This would be great for SSDs (Score:5, Informative)
Unlike HDD controllers, SSD controller do wear-leveling, so there is no guarantee that your data will be written as as a contiguous block of memory (regardless of what the filesystem says), only that it will be in 4096 byte blocks. Recovering deleted data from a SSD is no simple task because it means you need to know or guess the controller behavior for wear-leveling in order to go back and find the order of previously written data. With this you would be able to just read the raw memory even after the controller has been reset and still be able to recover the data. I think it would be a nice option to have a filesystem be able to encode user files in something like this highly recoverable format. The only real problem is that the file has to be completely rewritten even if you only modify part it in order to differentiate the new version from the old version.
Re: (Score:2)
Re: (Score:2)
The memory used in SSDs are all 4096 byte blocks of NAND FLASH memory. 512 bytes is the sector size for HDDs... though they may have changed that in recent years.
Re: (Score:2)
Re: (Score:2)
Incorrect. Modern SSDs use large page NAND which has anywhere from 128kiB to 1MiB block sizes.
In NAND, you can only erase on block boundaries. However, when you write, you can write on page boundaries, of which there can be anywhere from 16 to 128 pages per block. Small page NAND (old NAND) had 512 byte pages (and typically 32 pages per block, givi
Re: (Score:2)
I only meant that "sectors" were 4096 bytes but thanks for the additional info. I suppose it only makes sense that they also use larger blocks in order to achieve higher read/write throughput rates.
Re: (Score:2)
Usually when an SSD fails, you get some stupid small device. Intel SSDs give you a 8MB hard drive named "BAD CONTEXT" which can't be read from or written to, and JMicron drives give you a 4GB drive named "JM-Loader 001".
When this happens, you don't get to see your actual disk sectors at all. Without access to the actual contents of your drive, having a container format that lets you recover data won't help.
Re: (Score:2)
I've not had that experience, however, it seems like a good reason to have an open source SSD controller firmware, so that you can force it to let you access it.

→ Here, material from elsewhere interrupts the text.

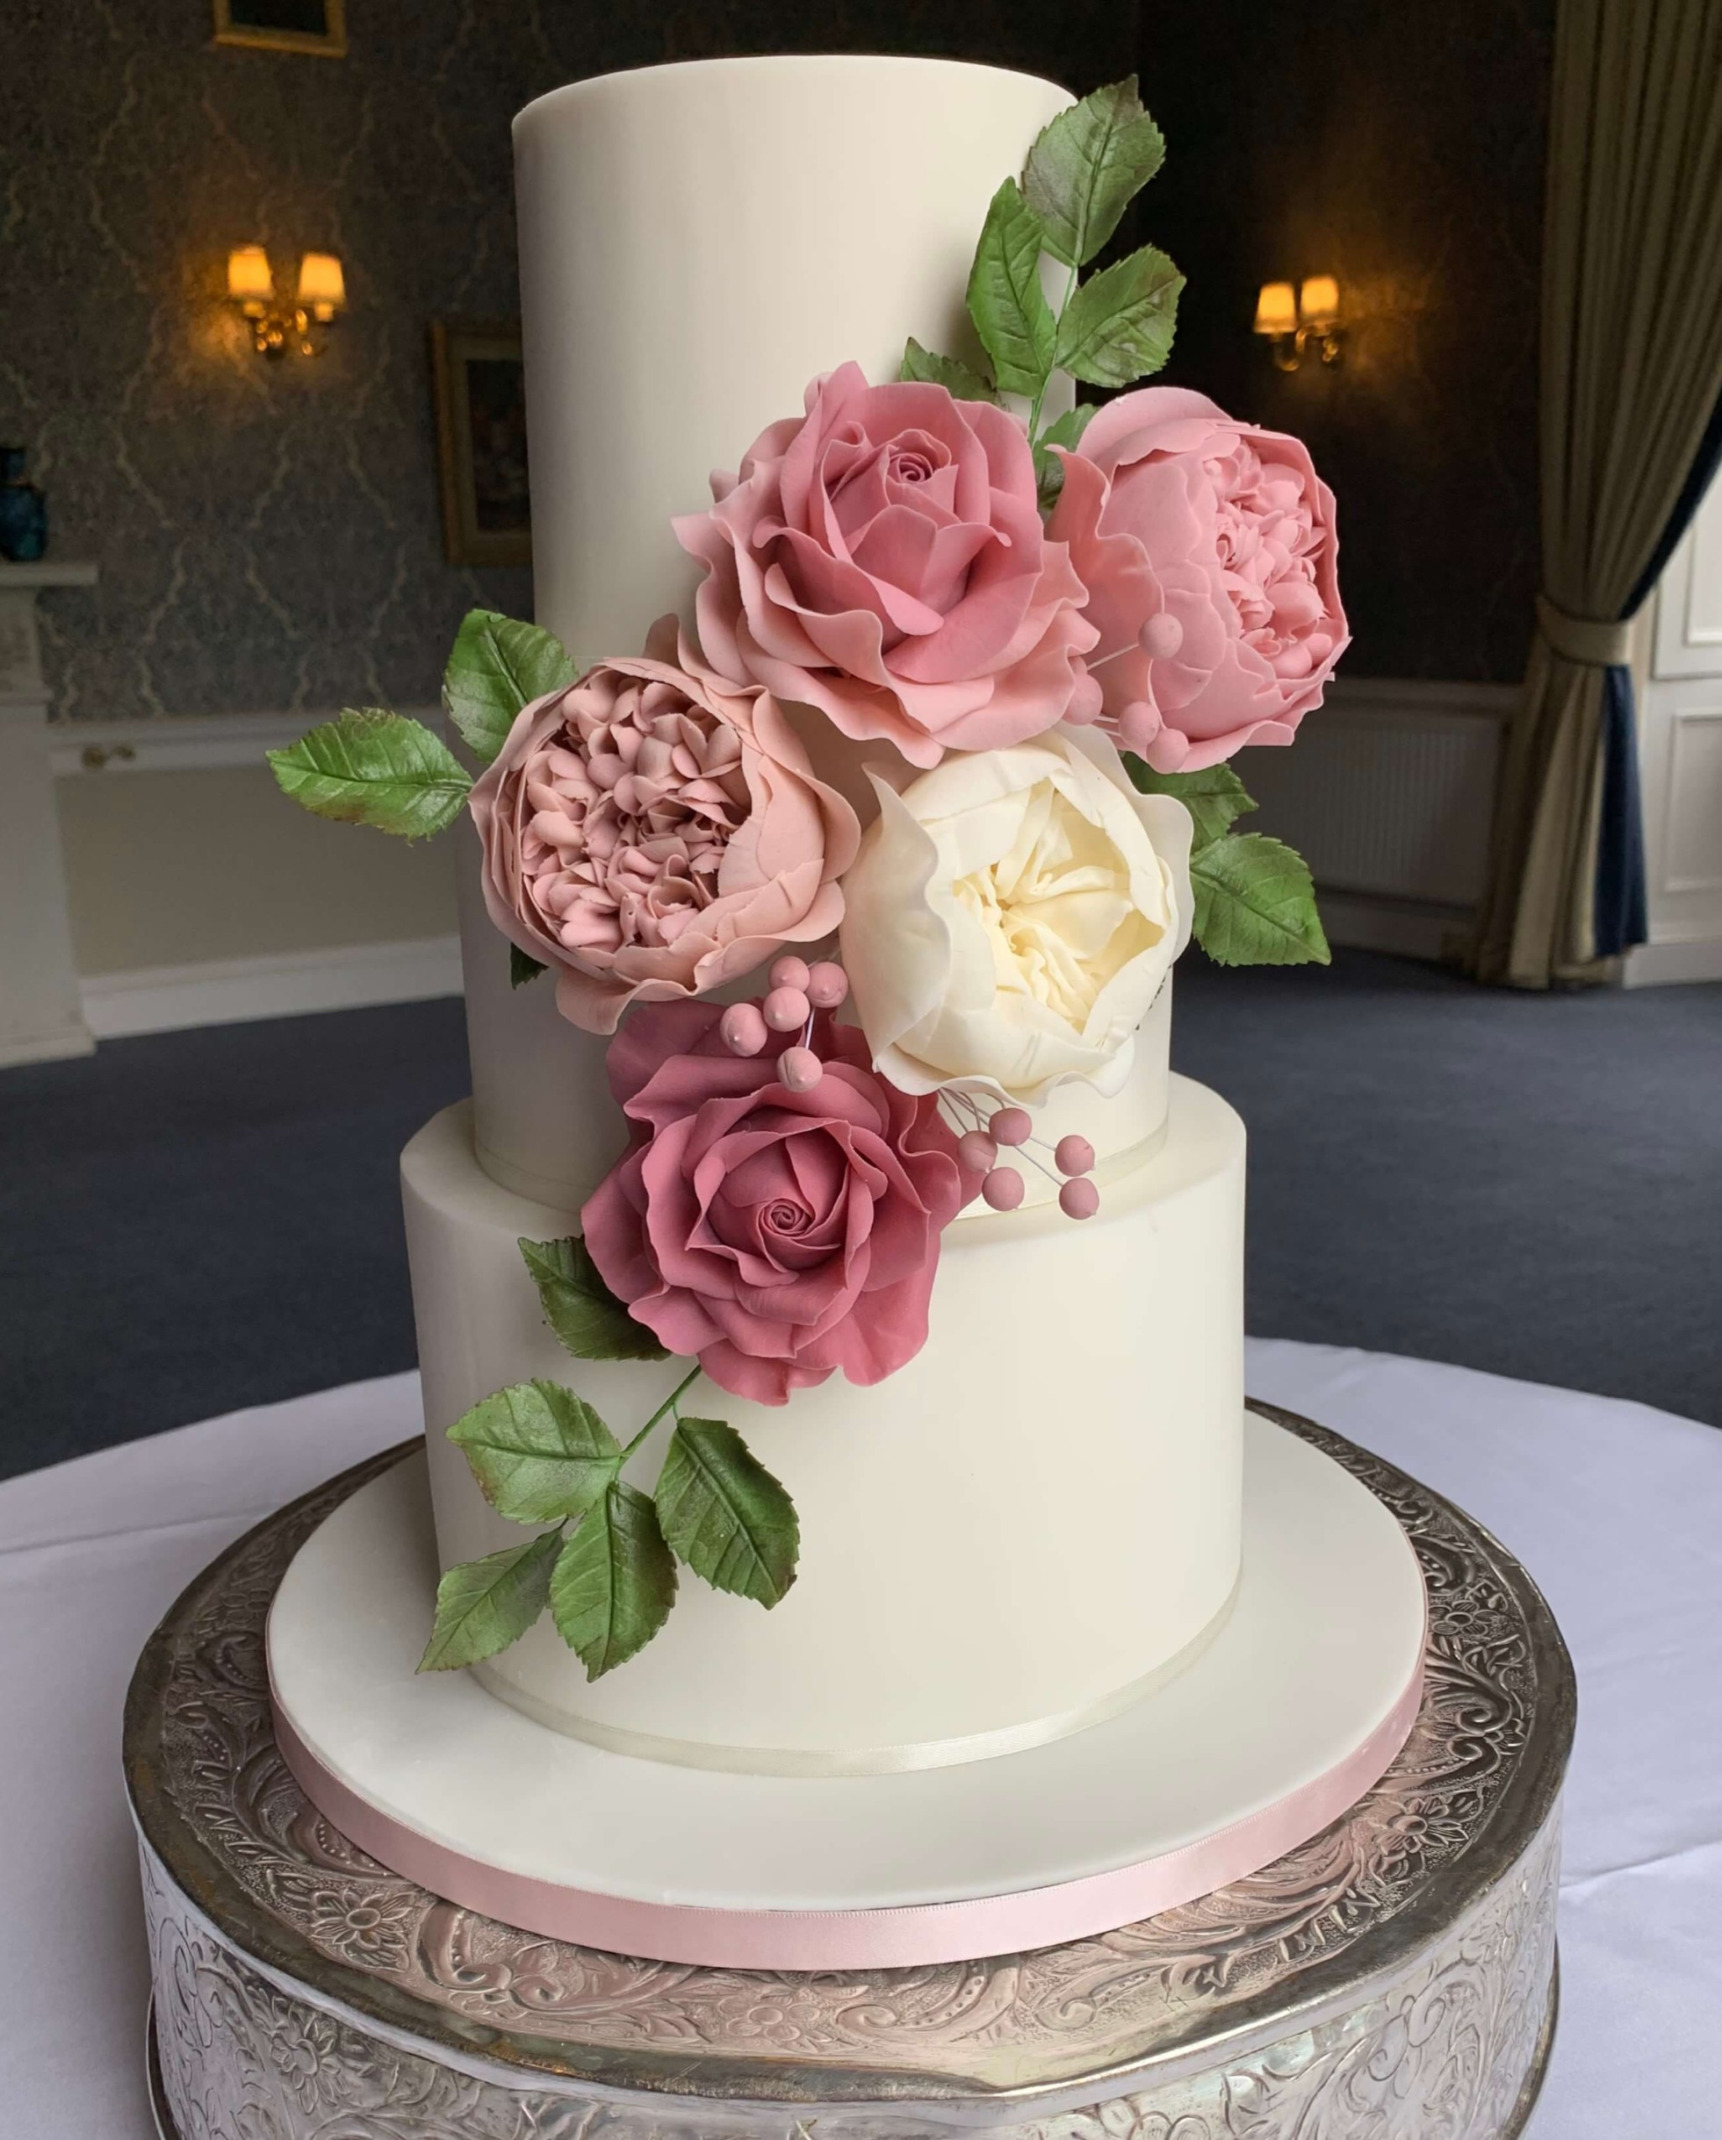 Beautiful 2 tier wedding cake with sugar flowers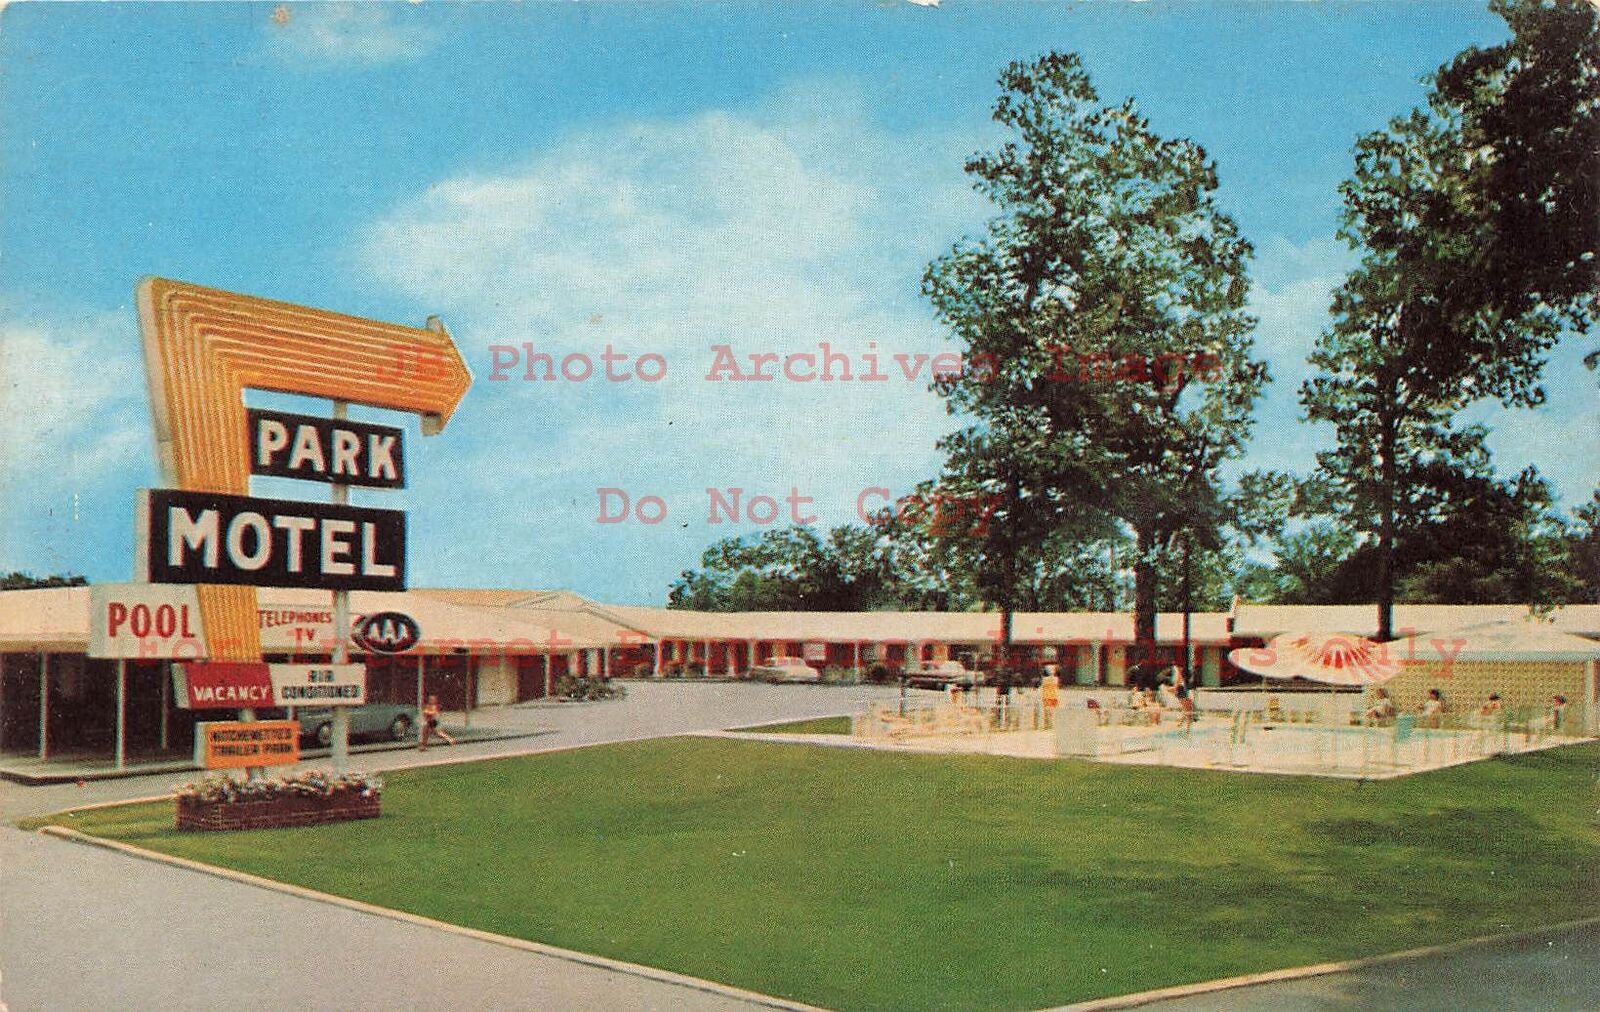 AR, Russellville, Arkansas, Park Motel, Exterior View, MWM Pub No 57,751F

forward error correction? (Score:2)
It seems to me this would be a lot more useful if it directly incorporated forward error correction.
Re: (Score:2)
Re: (Score:2)
Since loss and recovery takes place at the block level, it's best if you arrange for error recovery (and compression) to take into account block boundaries.
What it does and why it's (partially) useful (Score:5, Insightful)
There is some confusion as to what this is actually doing.
Most filesystems have use special structures to store the name and location of your files on the drive. Directories, cluster bitmaps, etc etc. The reason why it's difficult at best to recover files from a hard drive when parts of the filesystem have been damaged is that it's difficult to identify where on your hard drive the files are. Besides the special filesystem directories, no where else stores information on what is stored where. If you lose the directory it's hard to tell one file's data from another on your hard drive.
That is where SBX comes in. What it does is make sure that every physical sector that stores data for a particular file is labelled with a number that identifies that file, and a sequence number so you can reconstruct what order that piece is in the original file. Really, for the amount of overhead, something like that should be embedded into every filesystem. Basically a distributed backup of all the filesystem metadata.
Some people are criticizing this that is solves non problems. I disagree. While it isn't the solution to global warming, it is both simple and clever (and will thus suffer from a lot of people who will disparage it out of a "well anyone could have thought of that" attitude). It won't save you from a full hardware crash. It won't save you from physically bad sectors in that file. What it will save you from is accidental deletion and from loss of the filesystem's metadata structures. How often does this happen? Twice to me from failures of a whole-disc-encryption system driver.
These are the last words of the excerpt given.